Number of hashes is about 2.71828 x n! as predicted. The time seems to be proportional to n! as well (n = 12 is about 12 times slower than n = 11, which in turn is about 11 times slower than n = 10).
Interestingly this program turned out to be a fun and inefficient way of calculating the digits of e.
Agh I made a mistake in my code:
Since I decided to pack the hashes and previous number values into a single array and then forgot to actually properly format the values, the hash counts generated by my code were nonsense.
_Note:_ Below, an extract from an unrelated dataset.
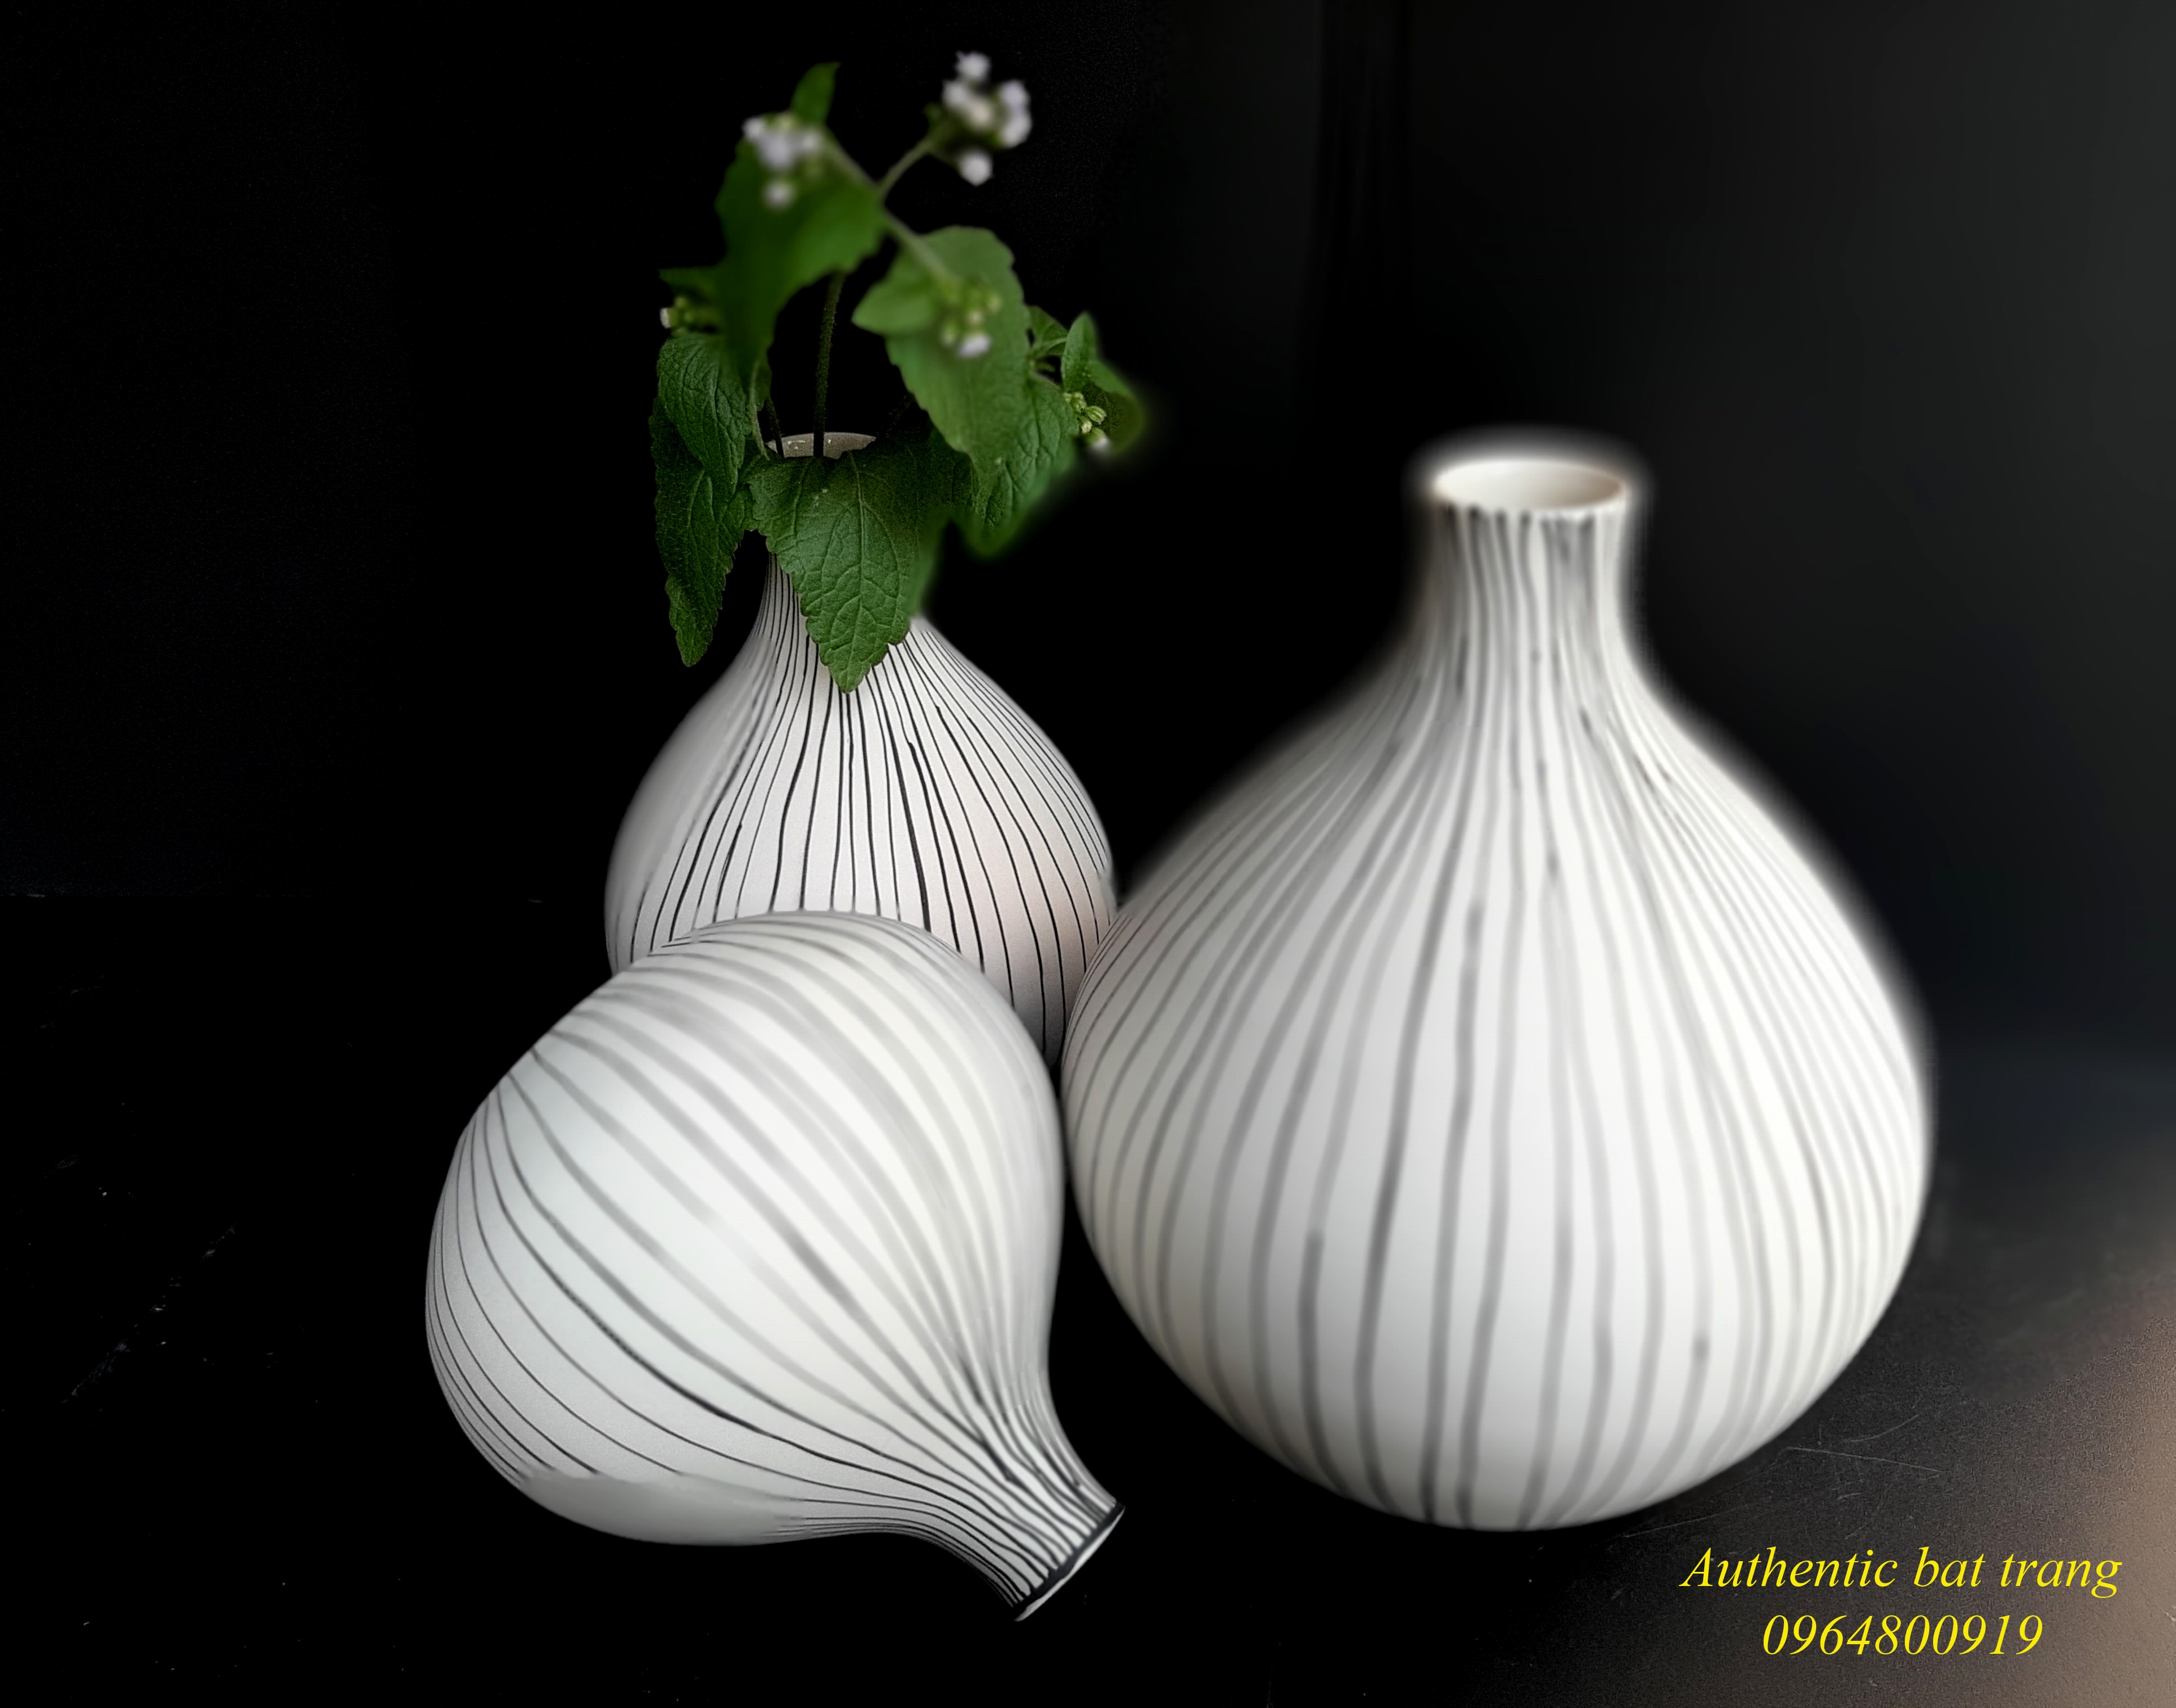 Decor vases set/ Bộ bình gốm kẻ sọc, trang trí nhà cửa, sản xuất tại xưởng gốm sứ Authentic bat trang

Not sure why I did that honestly.
Also, my data analysis was trash, since even with the correct data, which as you noted is in a lineal correlation with n!, my reasoning suggests that its growing faster than it is.
Here is a plot of the incorrect ratios compared to the correct ones, which is the proper analysis and also clearly shows something is wrong.
Anyway, and this is totally unrelated to me losing an internet argument and not coping well with that, I optimized my solution a lot and turns out its actually faster to only preform the check you are doing once or twice and narrow it down from there. The checks I’m doing are for the last two elements and the midpoint (though I tried moving that about with seemingly no effect ???) with the end check going to a branch without a loop. I’m not exactly sure why, despite the hour or two I spent profiling, though my guess is that it has something to do with caching?
Also FYI I compared performance with
-O3
and after modifying your implementation to use sdbm and to actually use the previous hash instead of the previous value (plus misc changes, see patch).It has been a pleasure having this internet argument with you. I learned a bit, and you learned a bit. It’s a win win :)
actually all of my effort was wasted since calculating the hamming distance between two lists of n hashes has a complexity of O(n) not O(1) agh
I realized this right after walking away from my devices from this to eat something :(
edit : you can calculate the hamming distance one element at a time just after rehashing that element so nevermind
Scalabe is not always quicker. Quicker is not always scalable.